I don’t know if you’ve been following the weather trends in Hawaii the last few days, but if you haven’t, I’ll summarize: STORRMMMMYYY!
After a few days of being rained out, we finally got to take guests out on Seasmoke for our Wake up with the Whales Cruise on Wednesday.
Shortly after departing the bay, we saw some spouting about a mile out to sea. We headed over and quickly realized we were looking at a trio of Humpbacks. Of course we can’t determine gender for sure (unless there’s a calf around, and then the whale closest to the baby is Mom) but we could determine relative age based on size. Two of these whales were about the same size (in the 40′ – 45′ range) and the other was a lot smaller.

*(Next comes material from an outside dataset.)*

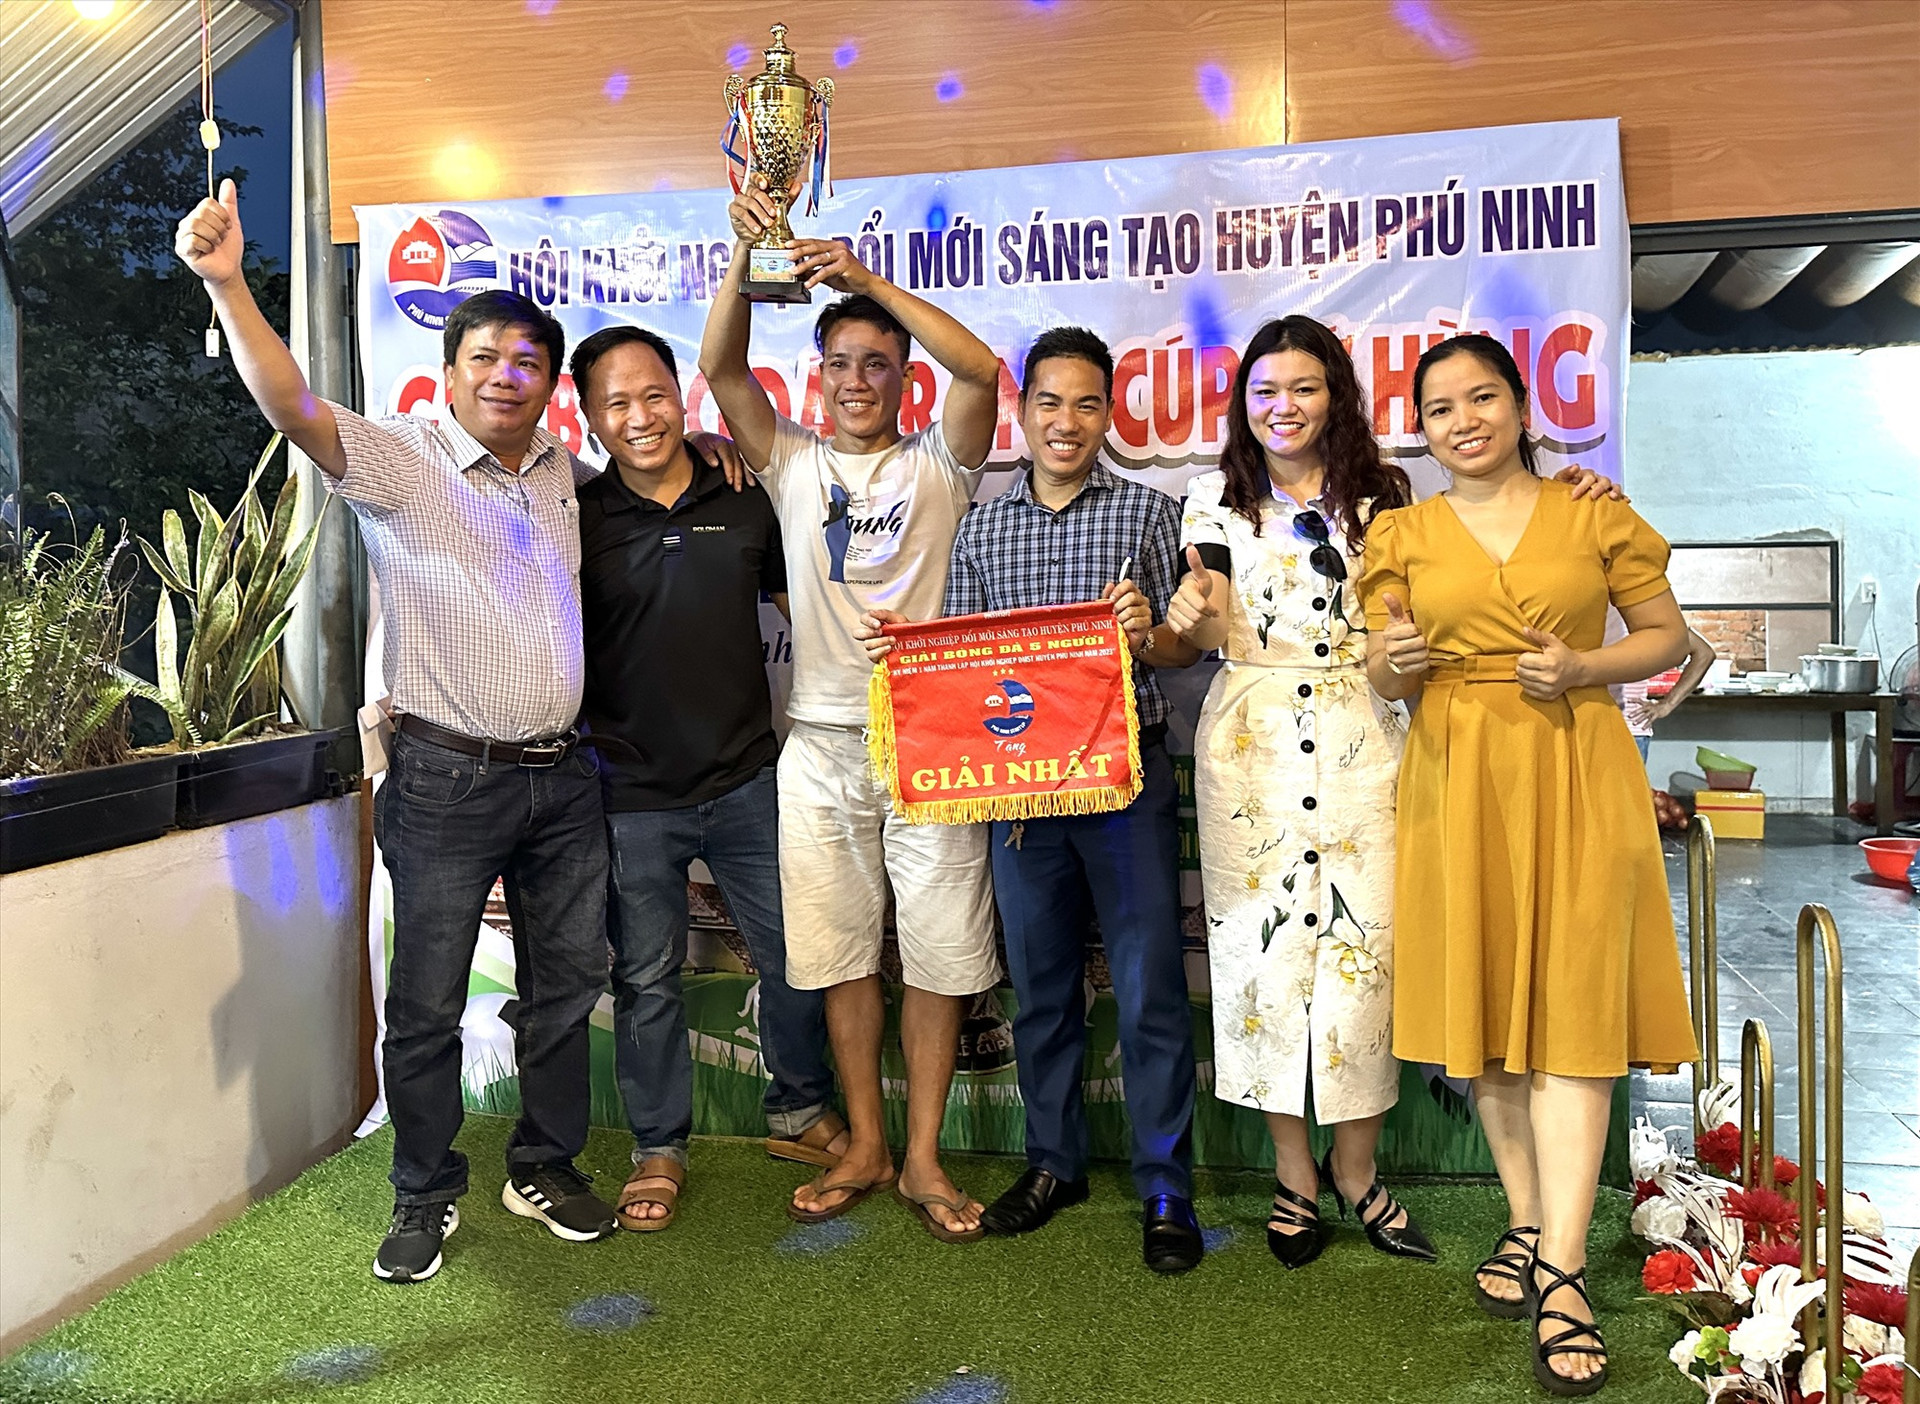 Trao cup vô địch và cờ giải Nhất cho đội bóng Hội Khởi nghiệp ĐMST huyện Phú Ninh. Ảnh: VINH HẢI

This littler guy was definitely not a calf, so we spent some time musing on whether we were watching Mom with her yearling accompanied by a male escort — or we were just watching a small group of Humpbacks who had recently found each other and were interacting as Humpbacks are wont to do.
They were on fairly short dive cycles (we saw them on the surface at least 10 different times in the hour and a half we were with them). We got to witness several synchronized dives (3 simultaneous deep exhalations, followed by 3 simultaneous dorsal fins, followed by 3 simultaneous peduncle arches, followed by 3 simultaneous flukes).

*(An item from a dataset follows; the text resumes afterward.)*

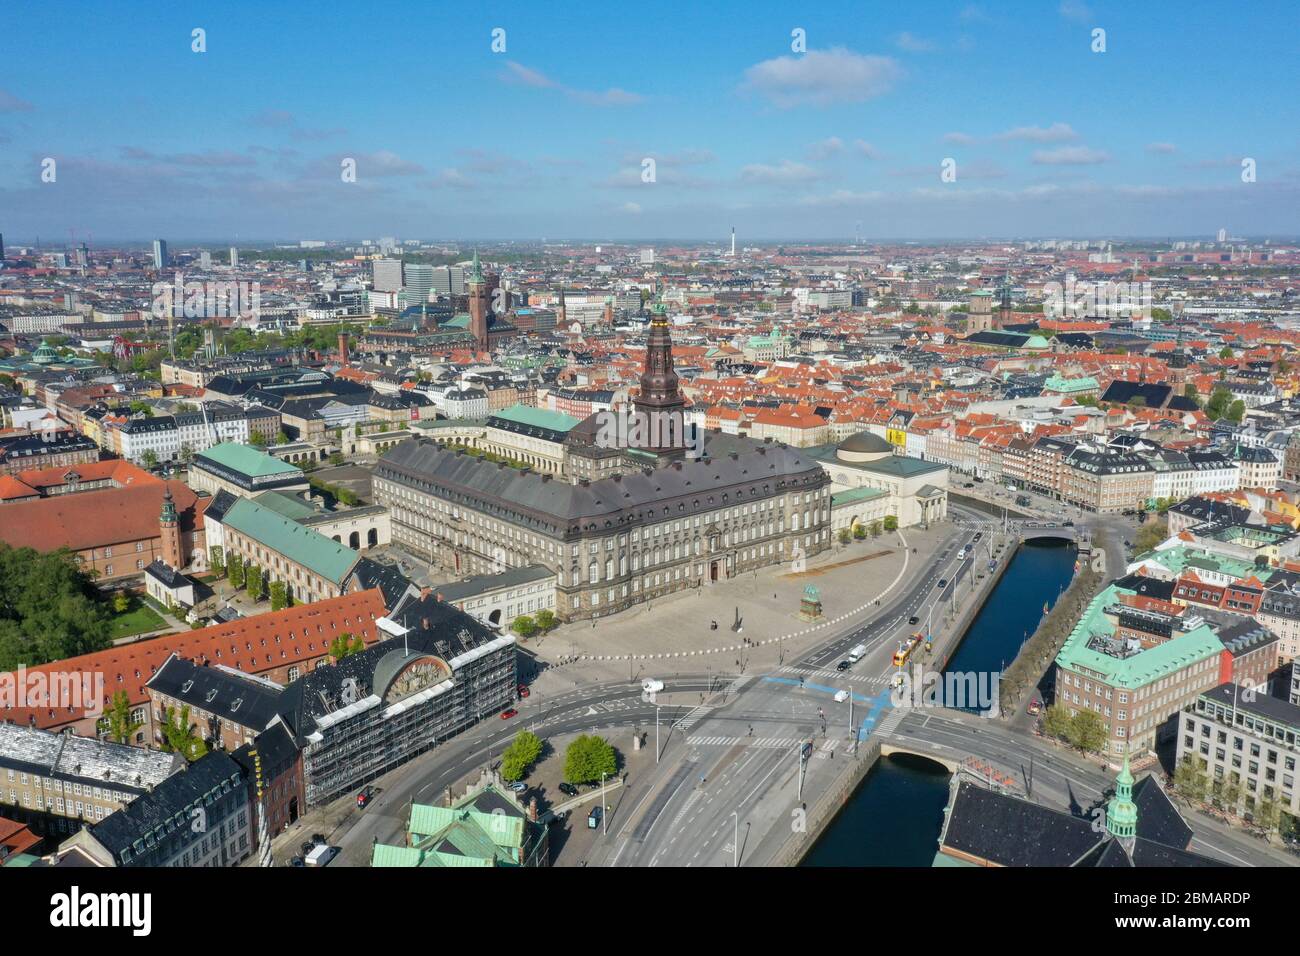 Palacio de Christiansborg en Copenhague, Dinamarca Foto de stock

Oh, and at one point while we were just floating and watching, the youngest of those Humpbacks decided to see what all the fuss was about on our boat and veered over for a closer look, coming within 30 yards of us. Since we always stop 100 yards from any Humpbacks we see, we can’t make those close encounters happen, but if a whale wants to check us out, it’s ok with us!

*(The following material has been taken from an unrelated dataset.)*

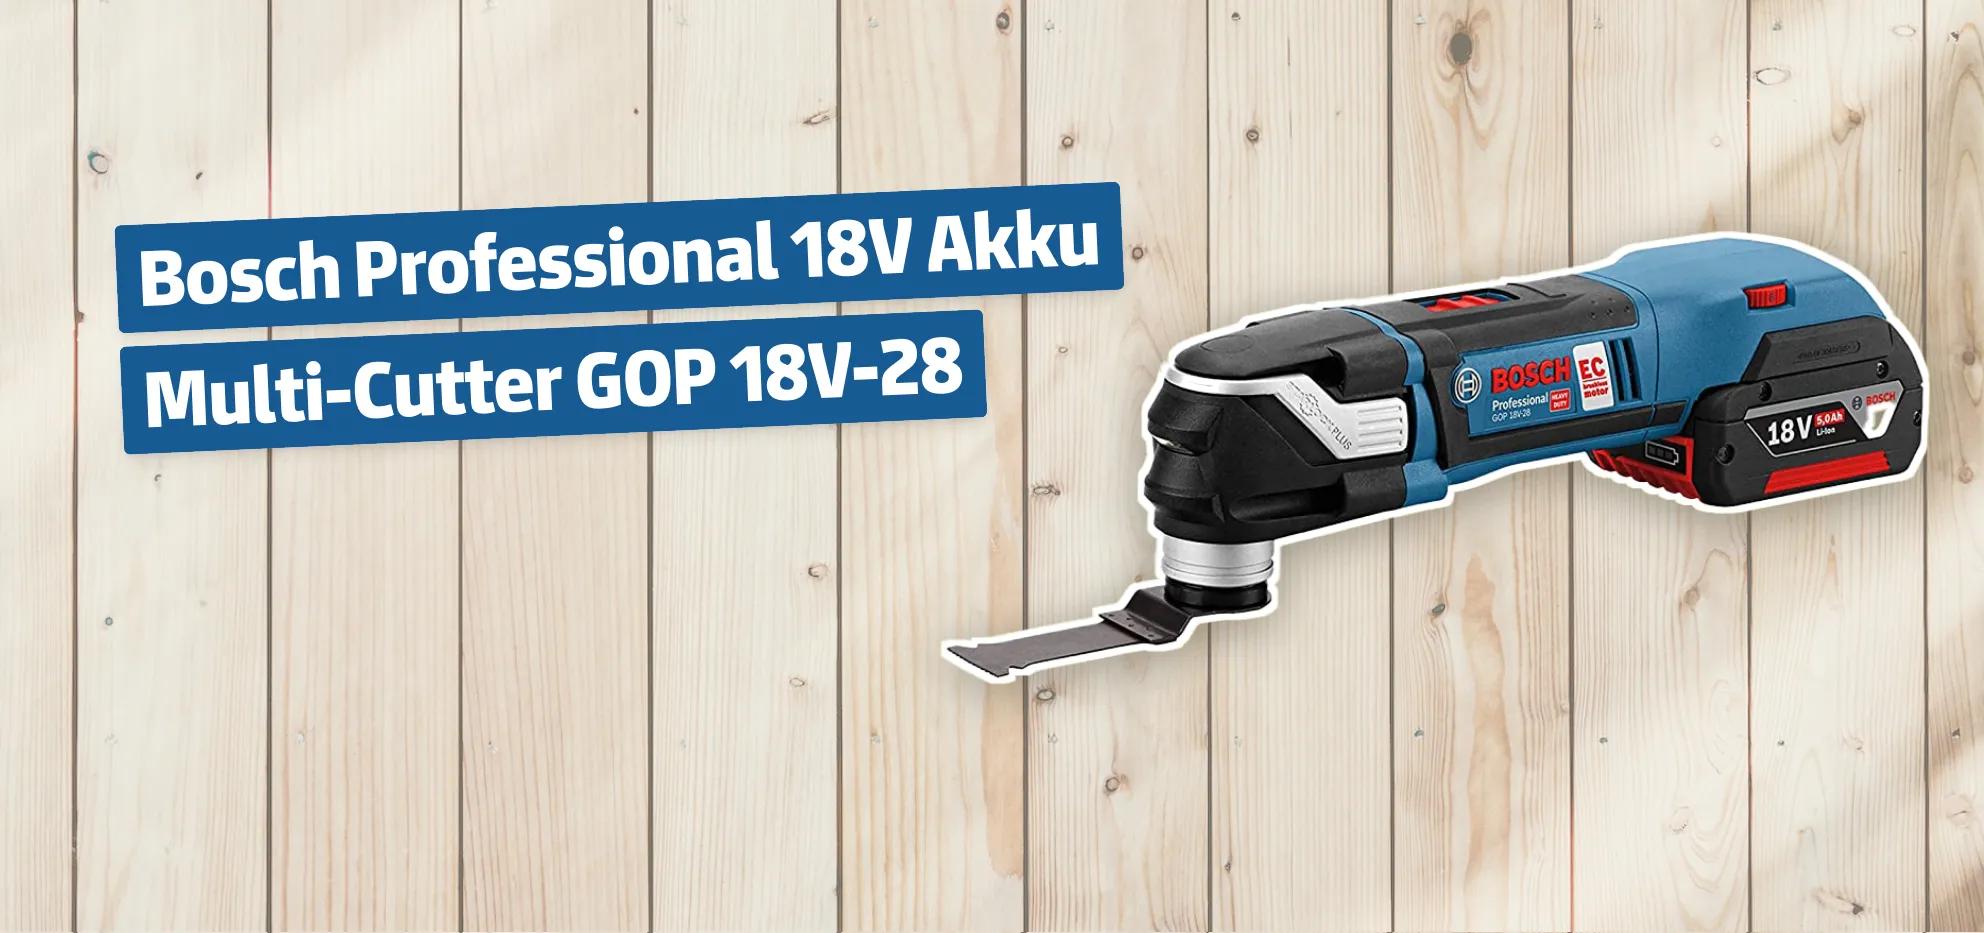 Bosch Professional 18V Akku Multi-Cutter GOP 18V-28

Ocean Sports Whale Fact of the Day: In 1966, the International Whaling Commission banned most nations from hunting Humpbacks. In the U.S., the Marine Mammal Protection Act of 1972, and the Endangered Species Act of 1973 provide additional protection to the whales. And though the Humpbacks are now no longer “officially endangered”, unless you’re operating under a federal research permit, approaching humpback whales within 100 yards (300 feet) by any means (boat, swimming, kayaking etc) or within 1,000 feet from aircraft is still prohibited. It’s also prohibited to approach the whales closer than 100 yards by interception (i.e. you can’t “hop-scotch” in front of them), or do anything that would disrupt their “normal behavior” or “prior activity”.